Dionis Cenusa, a political risk analyst and visiting fellow at the Eastern Europe Studies Center of the Royal United Services Institute, similarly said on February 28 that the breakaway Transdniestrians were aiming to use the “‘annexation scenario’ to provoke concern and therefore interest in the region’s claims.”

He suggested that Tiraspol was using the “security crisis caused by Russia’s war against Ukraine” to elicit “carrots” from Chisinau at a time of heightened “political competition in Moldova.”

Rather than any genuine appeal for recognition or annexation by Russia, he said, “The whole event is an exhibition of the separatist region’s concerts to the [international] community.”

‘Small Steps’ For Reintegration

In Tirana for a Ukraine-Western Balkans summit, Sandu fielded a question about Transdniester by saying Moldova was “safe today thanks to the bravery of the Ukrainian soldiers” and she reiterated Chisinau’s determination to resolve the frozen conflict over Transdniester without violence.

“Moldova is committed to a peaceful solution to the Transdniestrian conflict,” Sandu said. “What the Moldovan government is doing today is making small steps for the economic reintegration of the region.”

Moldovan President Maia Sandu (file photo)

Moldovan President Maia Sandu (file photo)
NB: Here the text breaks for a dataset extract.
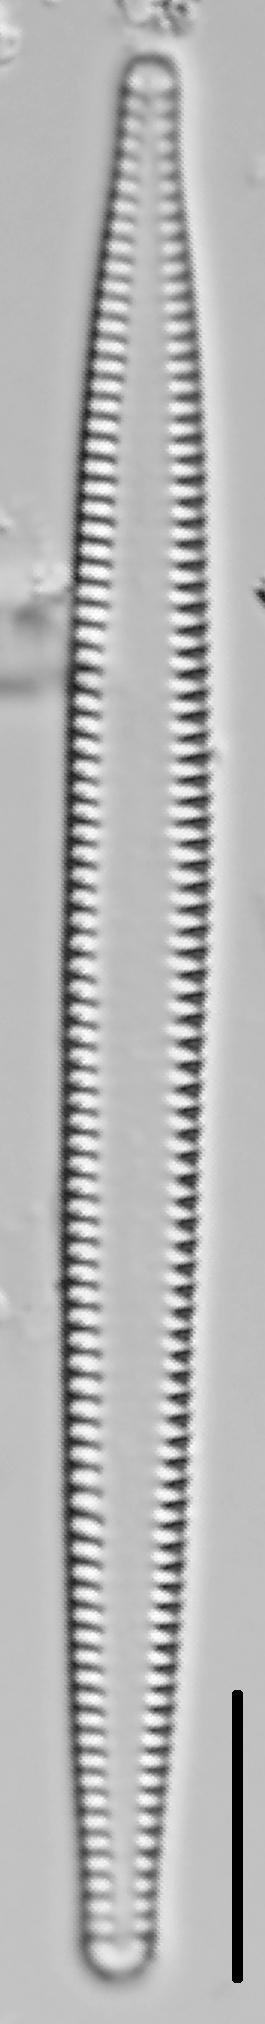 Tabularia fasciculata LM1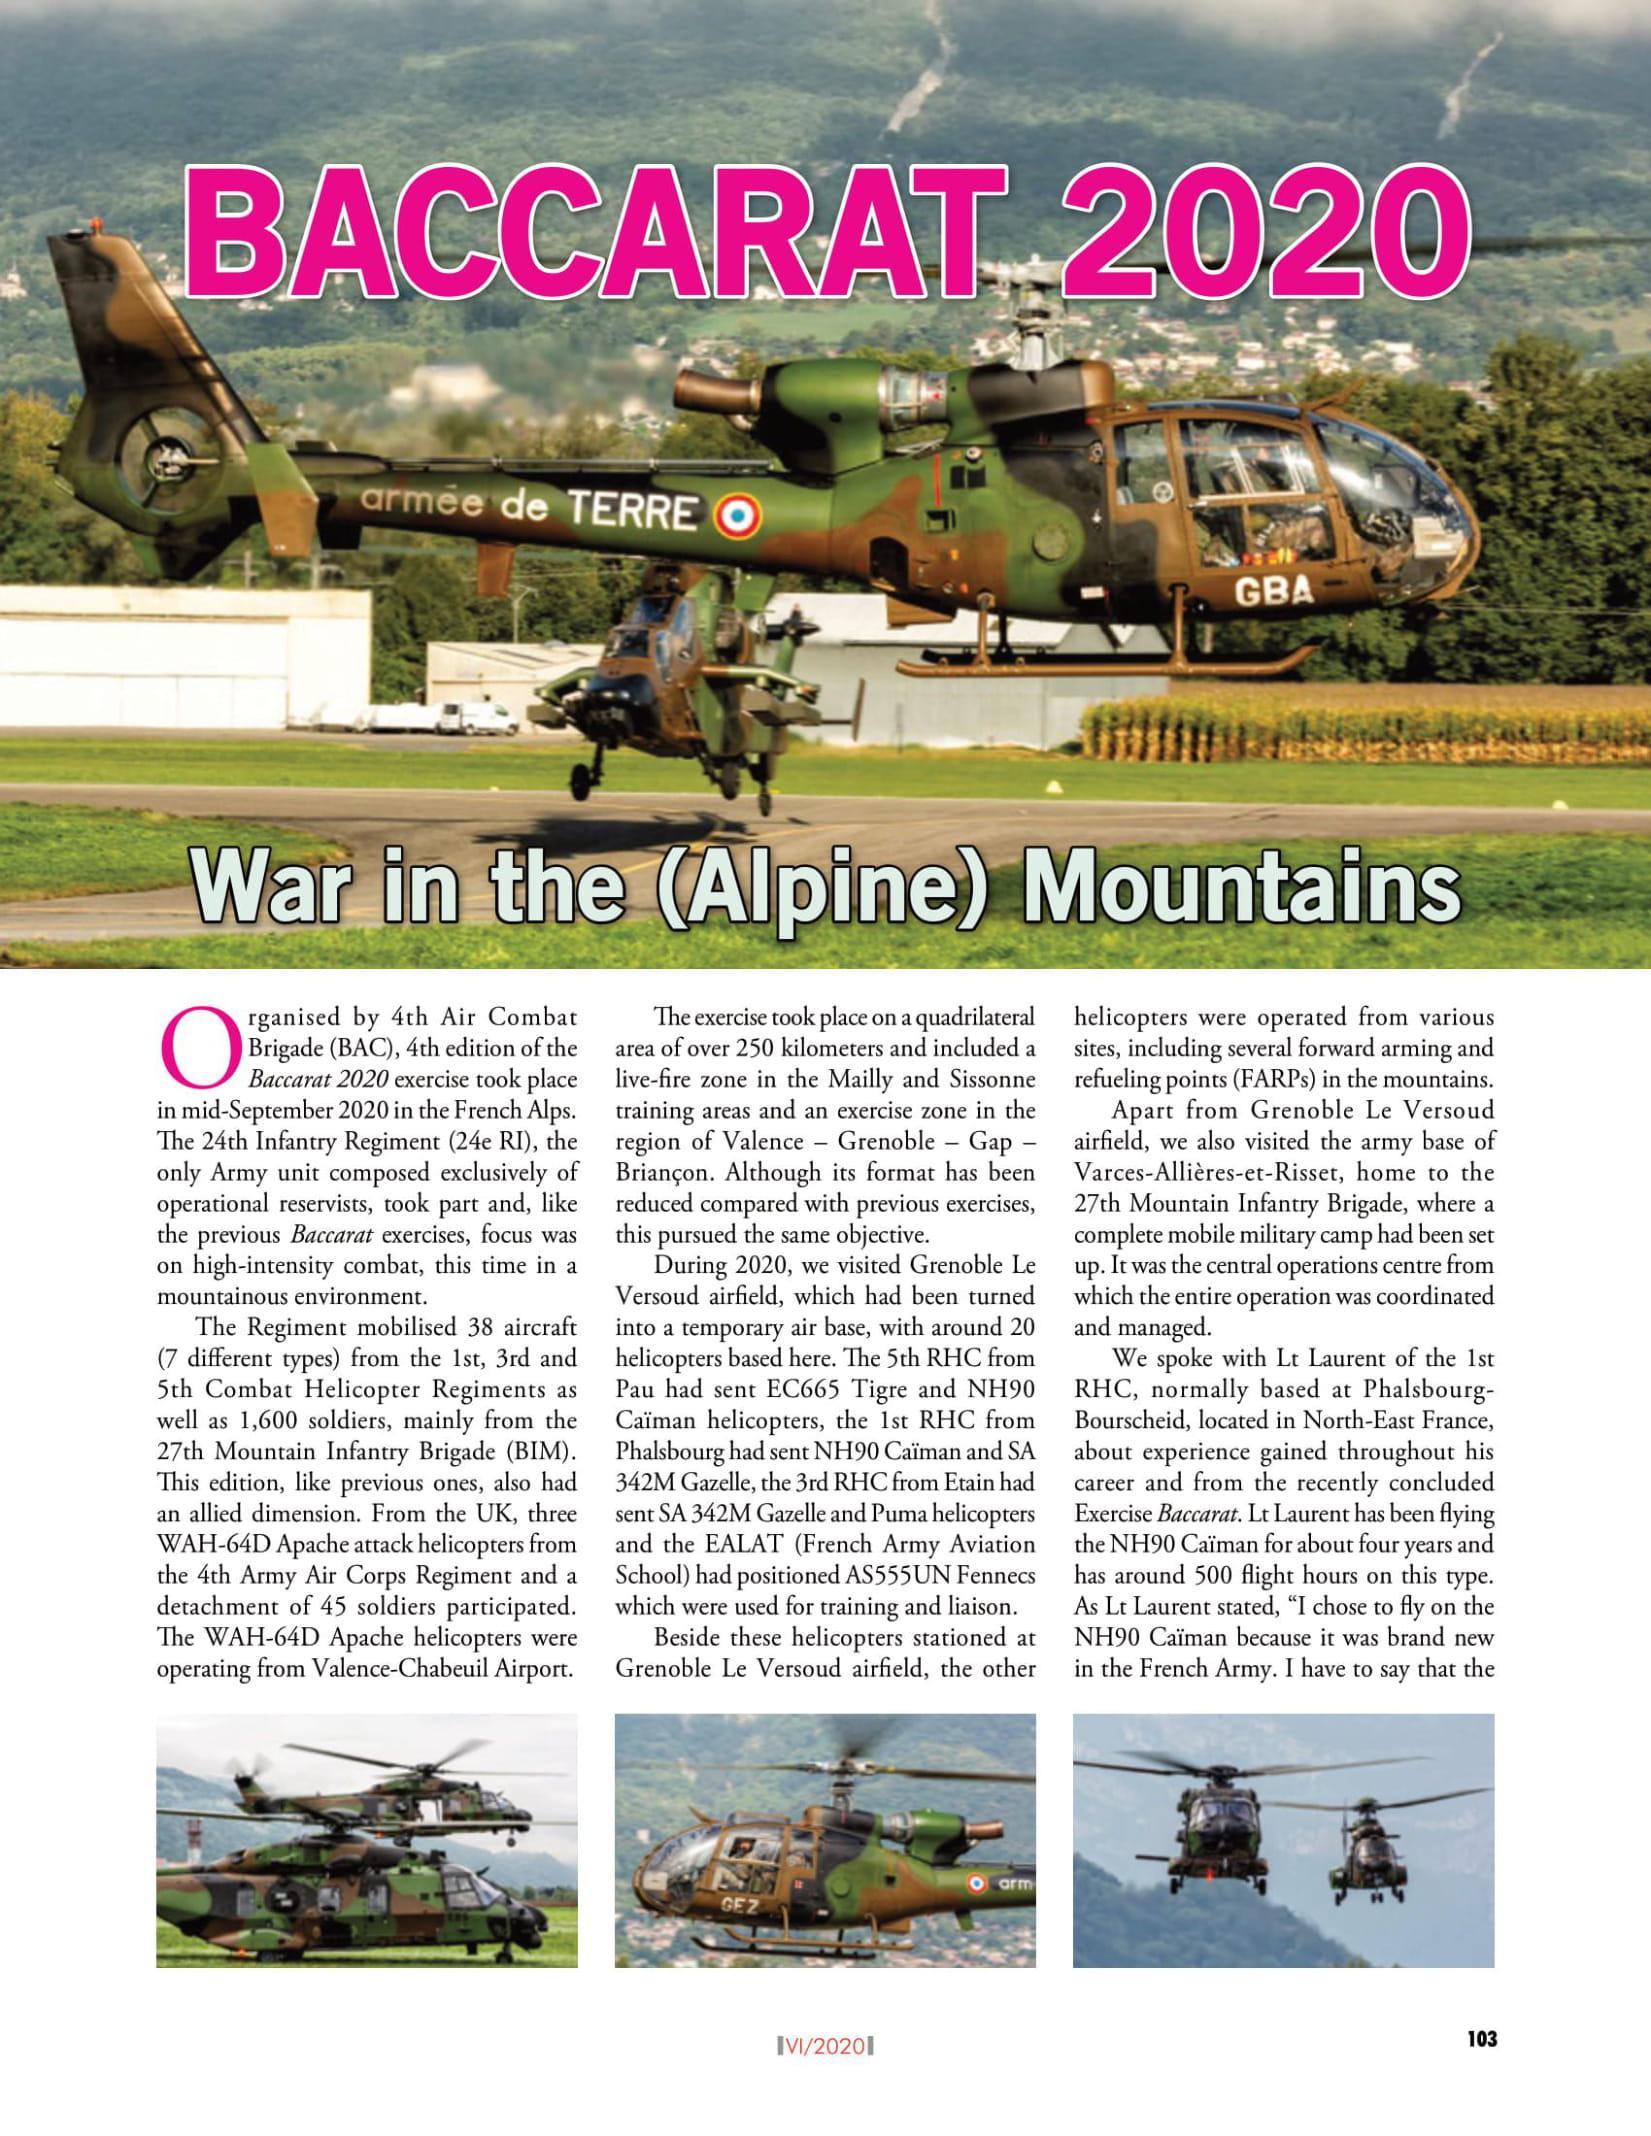 Vayu Aerospace & Defence (India)_Baccarat 2020 (1)-2

A deputy assistant secretary in the U.S. State Department’s Bureau of European and Eurasian Affairs, Christopher Smith, also visited Tiraspol in the days before the congress. Krasnoselski reportedly complained to Smith of the threat of economic pressure on the region from Chisinau.

Russia’s Foreign Ministry also commented on the speculation about a possible annexation announcement. “For several days now, people in Chisinau have been speculating and wondering what decisions this forum might make,” ministry spokeswoman Maria Zakharova said, before pivoting to suggest the ginned-up expectations were cause for Western concern. “Well, apparently, the same panic gripped NATO.”

So, the congress and the resulting resolution indeed drew international attention to Transdniester and its separatist dilemma.

However, the separatists’ appeal to Moscow was accompanied by a plea to the United Nations and to the Organization for Security and Cooperation in Europe (OSCE) and the European Union, the latter two of which have led past efforts to negotiate a permanent peace to end the “frozen conflict” over Transdniester. They urged those international groups to “prevent Moldovan pressures” and renew negotiations.

But the Transdniester question and greater integration of the region into the national power grid and national life remain potential obstacles to Moldova’s EU membership, although the bloc made it an official candidate country when a handful of bids accelerated after Russia’s full-scale invasion of Ukraine began in early 2022.

And much of what the Moldovan government has set out to do — bringing economic activity in an otherwise lawless Transdniester to heel, particularly in regulating trade with the European Union, punishing separatism, and shutting down Russia’s patronage through heavily subsidized natural gas supplies to separatist groups — threatens the breakaway elite who have amassed huge fortunes under the status quo.

That points to what might have been the real aim of the Transdniestrian separatists’ congress and the premature warnings of an imminent referendum or push for annexation by Russia.

“Due to its authoritarian and semi-criminal character,” in the words of Cenusa, the political risk analyst, the Transdniestrian administration “must, in fact, find a new balance of forces to coexist with the new conditions put in place by Chisinau.”